The super-helpful 2020 indie games company costs breakdown smorgasbord

In a continuing war with the patronizing wordpress ‘headline clickbait analyzer, I tried using smorgasbord to rate as an uncommon word…but no joy. Enjoy this non-clikbait post I guess…

How much does it cost to run a one-man indie game studio in the UK? What are all those costs that you don’t think about? I have no idea! but I can tell you what it costs to run positech games, if that’s interesting? Lets assume so:


I have a dedicated server with liquidweb. Its possibly overkill, but it runs this blog, a lot of back-end stats reporting stuff and the challenges system for gratuitous space battles, the web pages for a handful of different domains and about a dozen games. Its also handy as a ftp-drop for sending stuff to people without worrying about dropbox accounts/limits/costs etc. The cost of this is $219 / month. A dedicated server is l33t because I can reboot it at will, install any version of php or whatever I want, and I’m not at the mercy of sharing a physical box with someone else.


I have a proper Limited Company, and its hellish without an accountant if you deal with VAT and multiple currencies, and multiple banks accounts and business investments etc…so I have an accountant in the UK that charges me roughly $135 / month. They are more like bookkeepers than accountants, as I handle my own VAT and don’t do any clever tax avoidance/offshore nonsense.


I use ymlp to maintain a small mailing list of about 10,000 people. I send one email a month and this costs me about $30/month. This means I don’t have to worry about my domain being seen as spam, and they can handle opt-in and unsubscribe handling etc. Not 100% sure its good value for money, always hovering on cancelling.

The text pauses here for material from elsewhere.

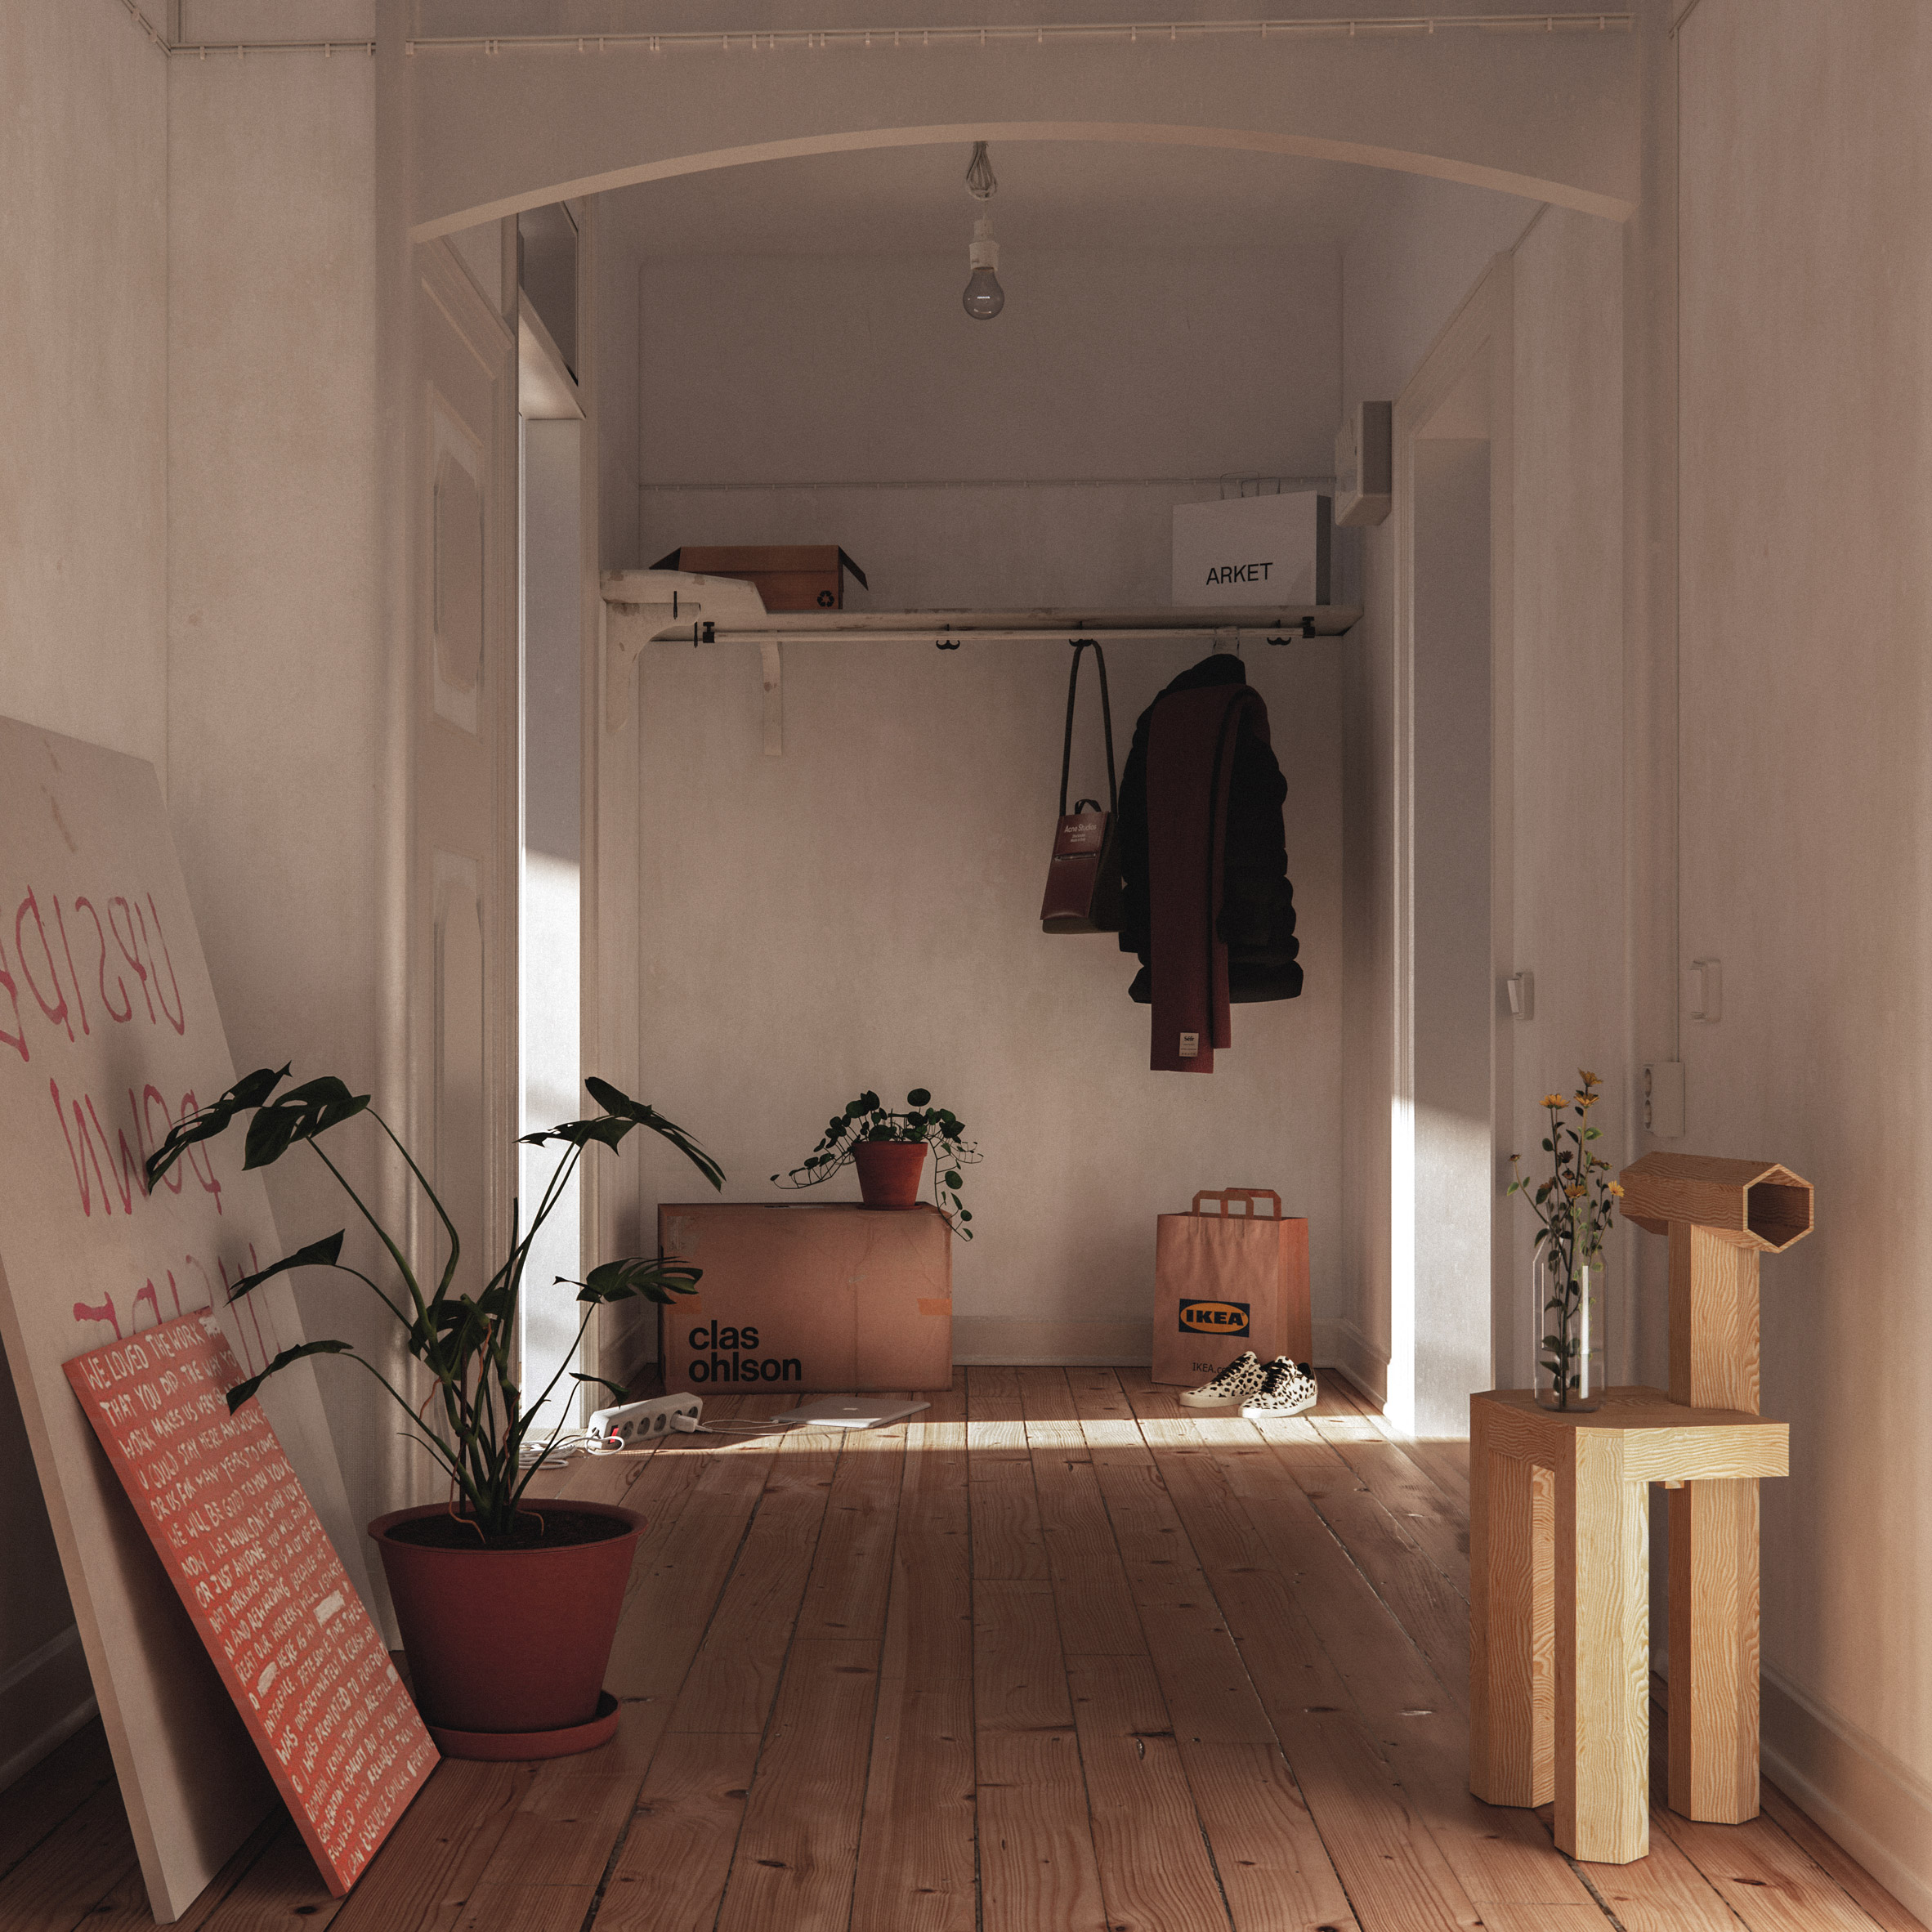 Christoffer Jansson将虚拟公寓冒充Instagram家庭装修项目|ART-Arrakis | 建筑室内设计的创新与灵感

To have a limited-liability company in the UK you have to pay an annual registration fee. Worked out on a monthly basis its just $1.40/month.


To sell games on apples store, and some other stuff, you need to pay them money (WTF?) looks like in the last 12 months I’ve paid them roughly $7/month for this honor.


Do not risk being without it. I use malwarebytes paid version, works out at $3.25/month.


Again, don’t risk it. I use carbonite, and it works out at $6/month.


I use quickfile, to do automated tax-payments and access bank accounts remotely. It costs me about $5/month.


I have fiber-to-the-premises (140 mbps down, 30 up) and a landline phone (I know old people!) and monthly this costs me a whopping $80/month.

Everything else I can think of is one-off payments for equipment, like a new PC or whatever, and project-specific stuff like PR or marketing/advertising budgets, or obviously what it costs me to hire people to do art/music/code and so on. But these are the current ‘fixed costs’ of positech. A summary:

Web Hosting $  219.0045.00%
Accountant $  135.0027.74%
Mailing List $    30.006.16%
Companies House $       1.400.29%
Apple $       7.001.44%
Antivirus $       3.250.67%
Backup $       6.001.23%
Banking $       5.001.03%
Internet $    80.0016.44%
 $  486.65

Now I actually write it all out, it seems like quite a lot. Almost $500 to just exist, without eating or paying any other bills, or hiring anyone to do anything.